→ **What you should do**:
Please restate, exactly, only the lines from the beginning of the listing below through the line containing "Rich and flavorful", with the pictures left out.

→ **Stored data**:
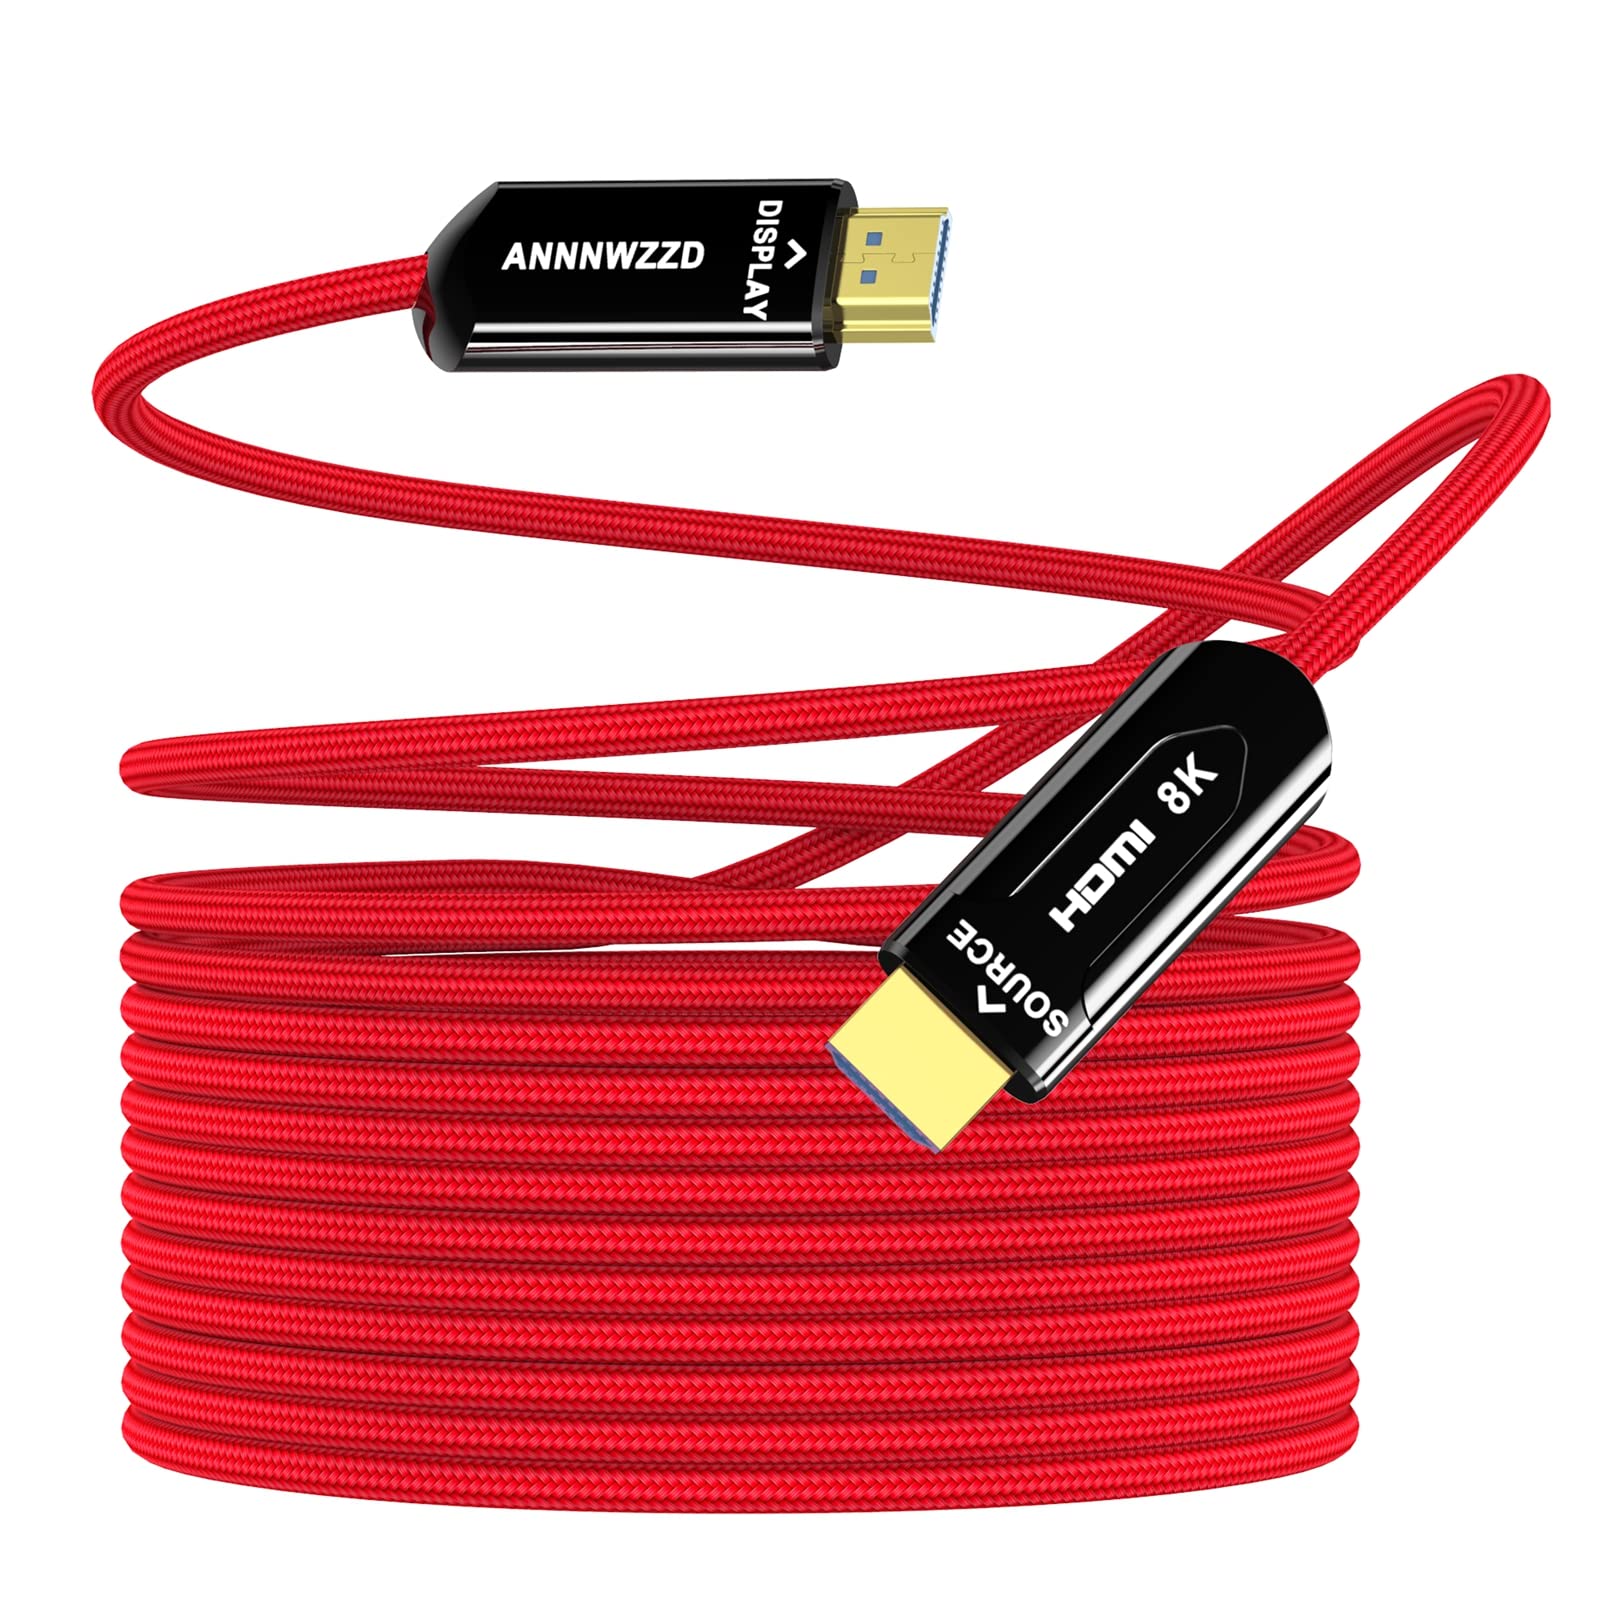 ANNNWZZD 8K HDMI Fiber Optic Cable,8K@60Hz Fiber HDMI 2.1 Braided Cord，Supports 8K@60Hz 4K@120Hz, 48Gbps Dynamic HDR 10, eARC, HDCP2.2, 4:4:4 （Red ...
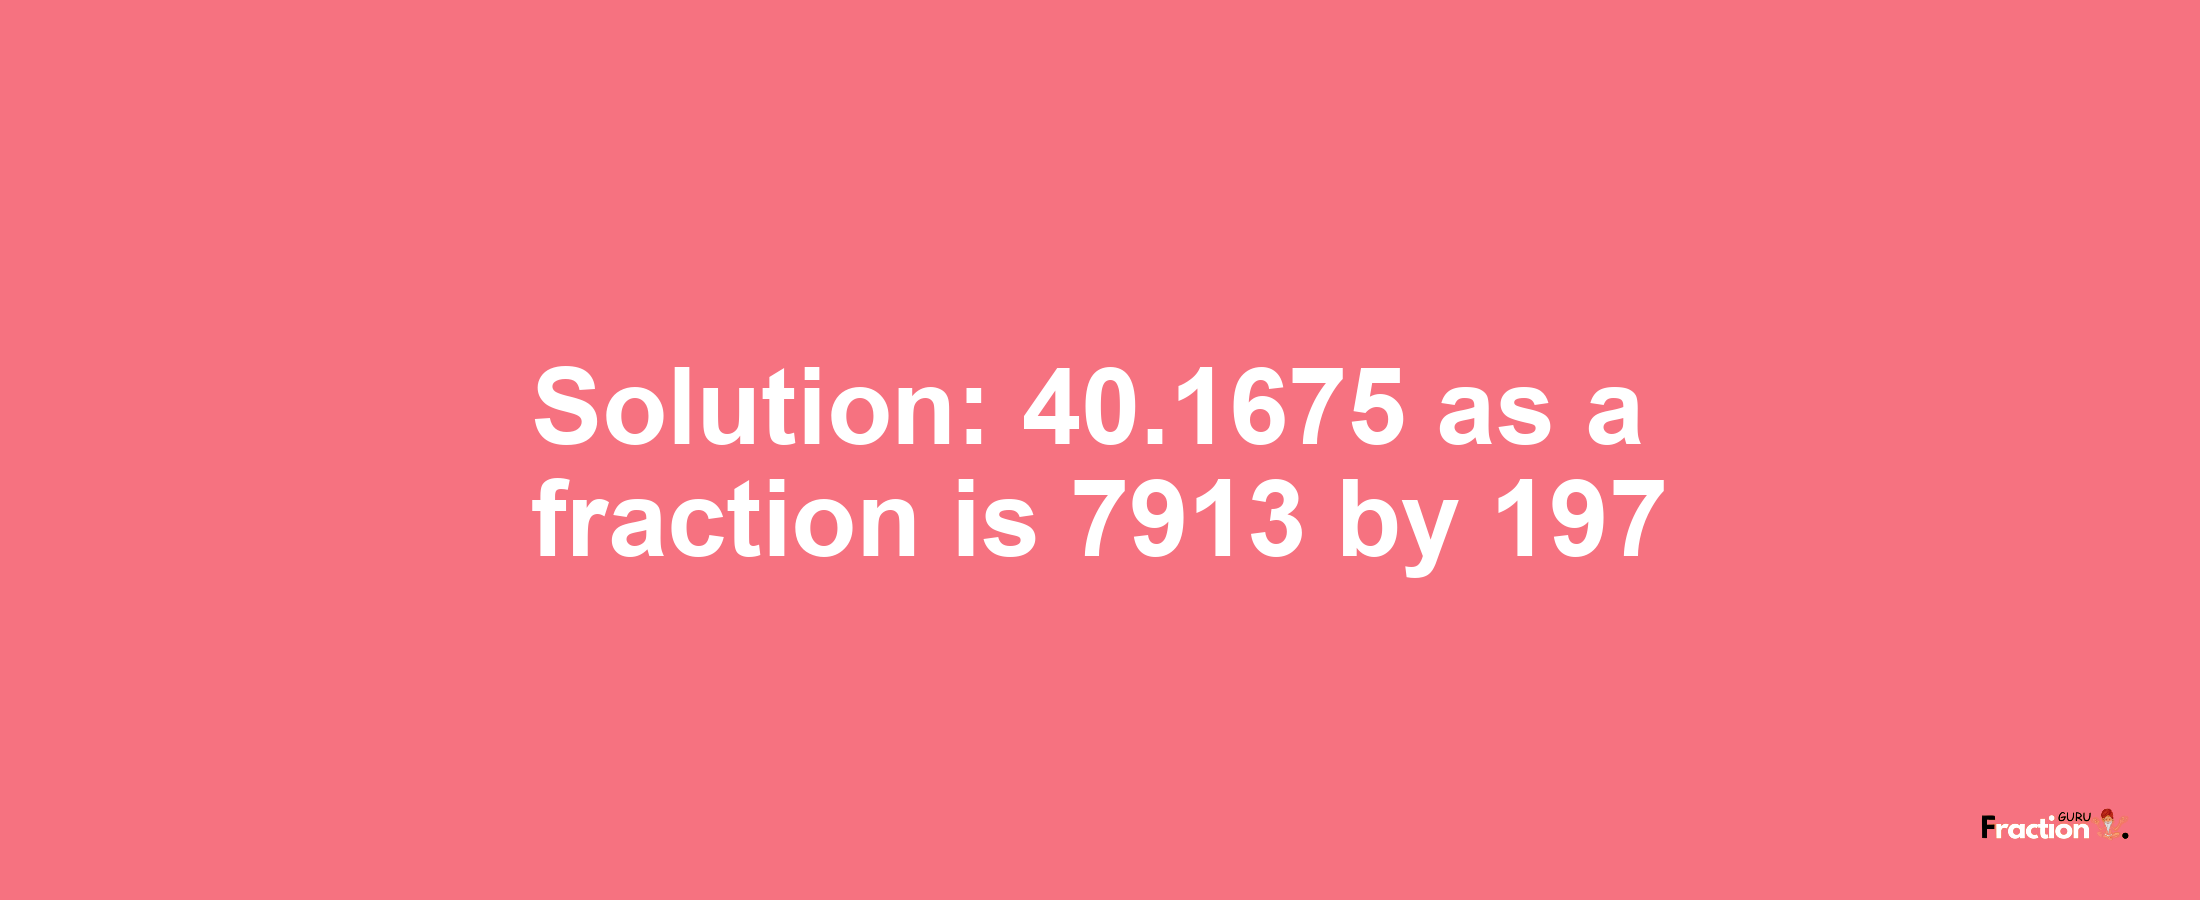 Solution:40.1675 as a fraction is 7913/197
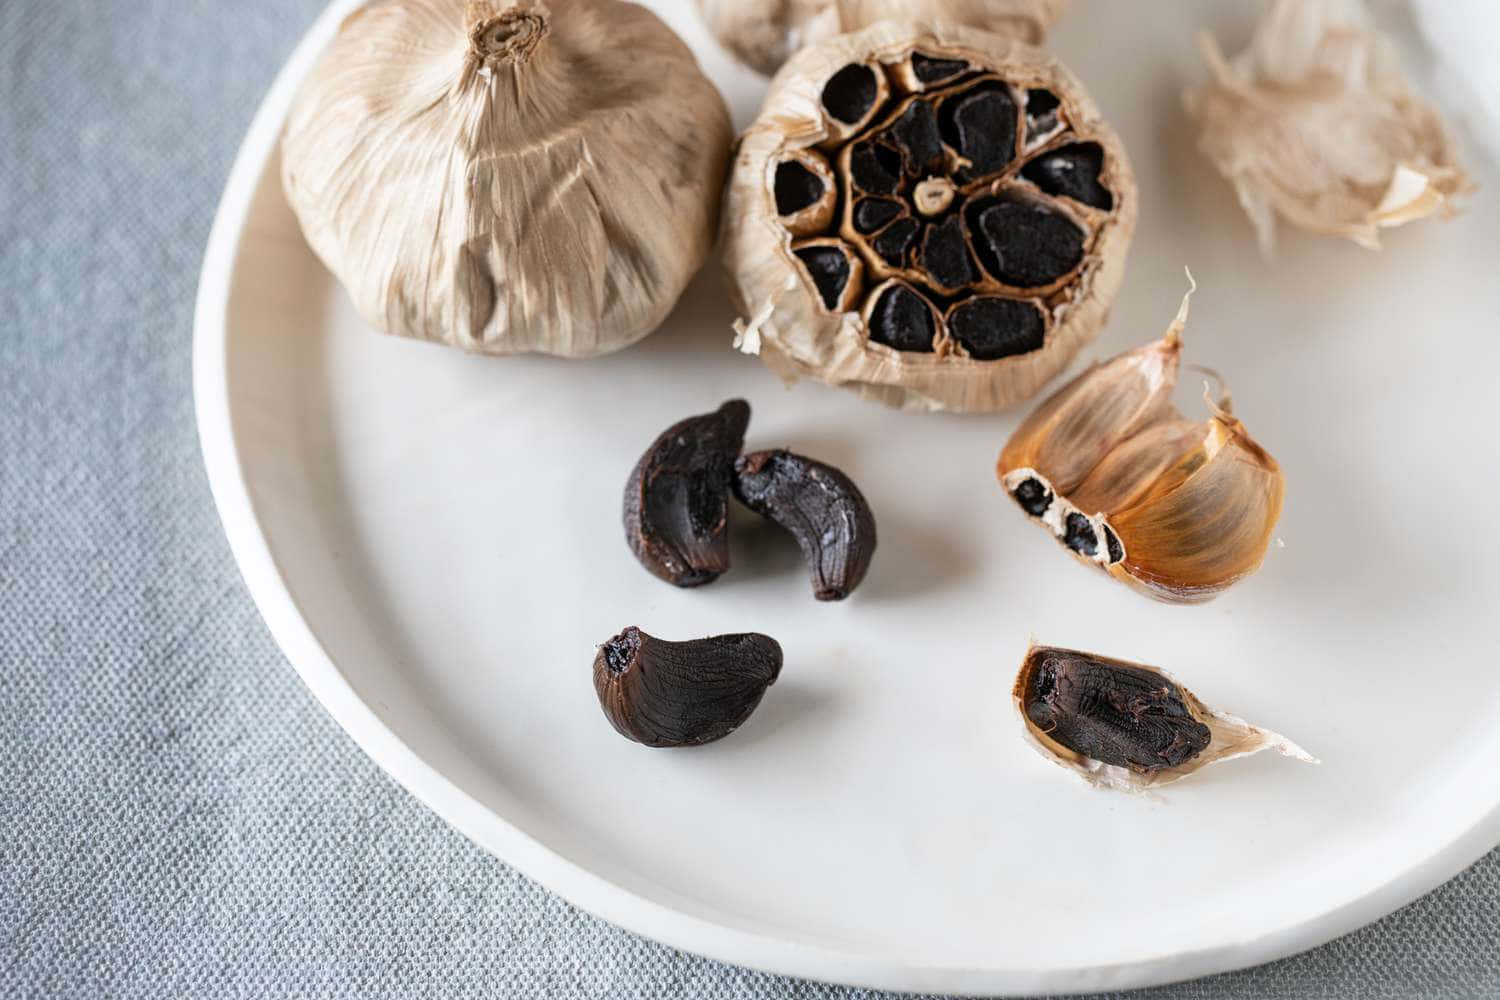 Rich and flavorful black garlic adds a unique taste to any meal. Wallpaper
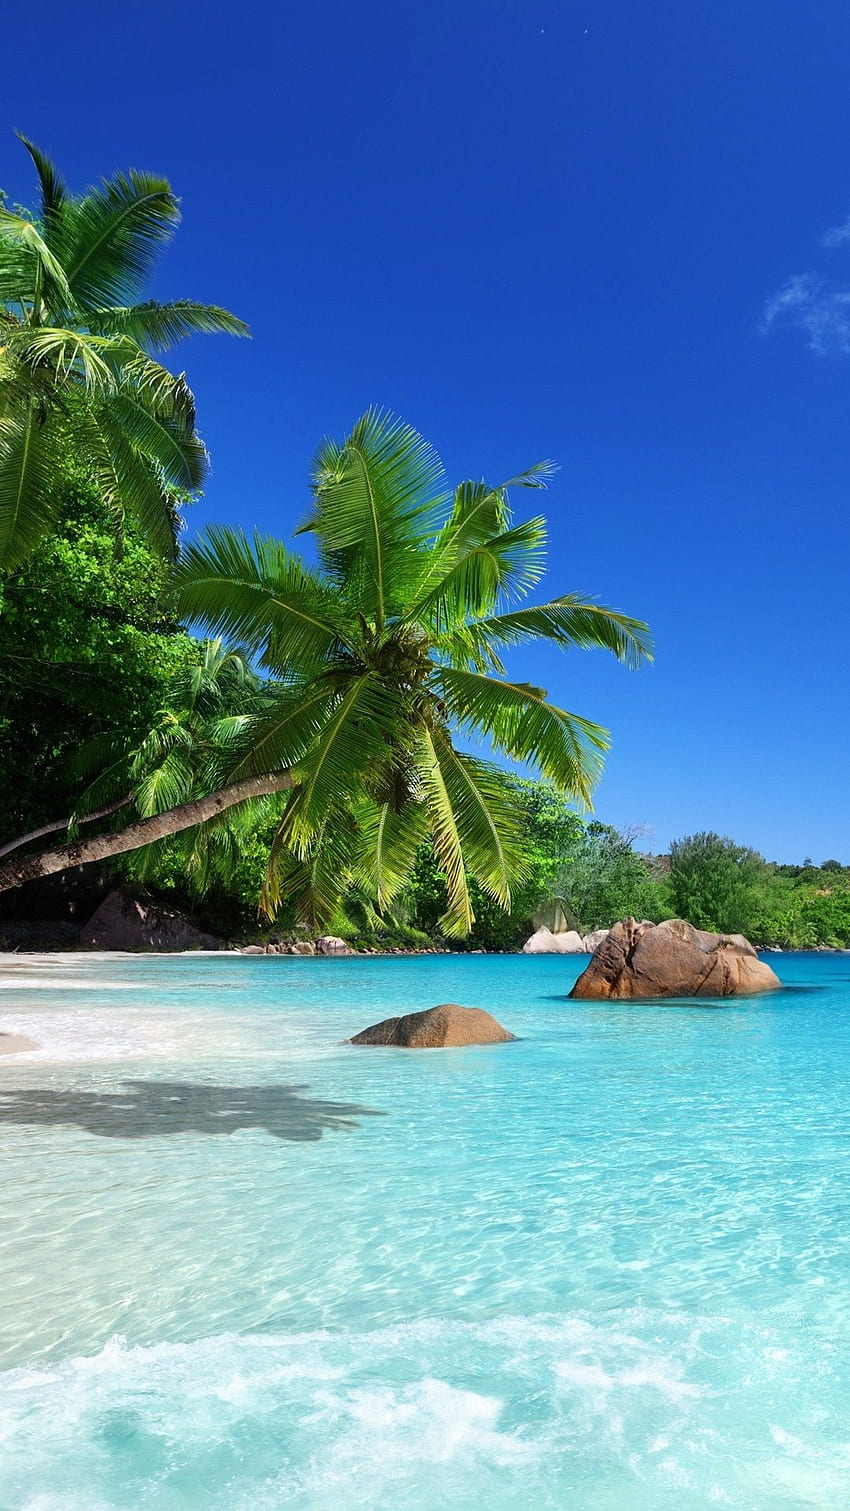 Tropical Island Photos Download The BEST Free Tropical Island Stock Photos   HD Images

→ **Output for this exercise**:
 ANNNWZZD 8K HDMI Fiber Optic Cable,8K@60Hz Fiber HDMI 2.1 Braided Cord，Supports 8K@60Hz 4K@120Hz, 48Gbps Dynamic HDR 10, eARC, HDCP2.2, 4:4:4 （Red ...
 Solution:40.1675 as a fraction is 7913/197
 Rich and flavorful black garlic adds a unique taste to any meal. Wallpaper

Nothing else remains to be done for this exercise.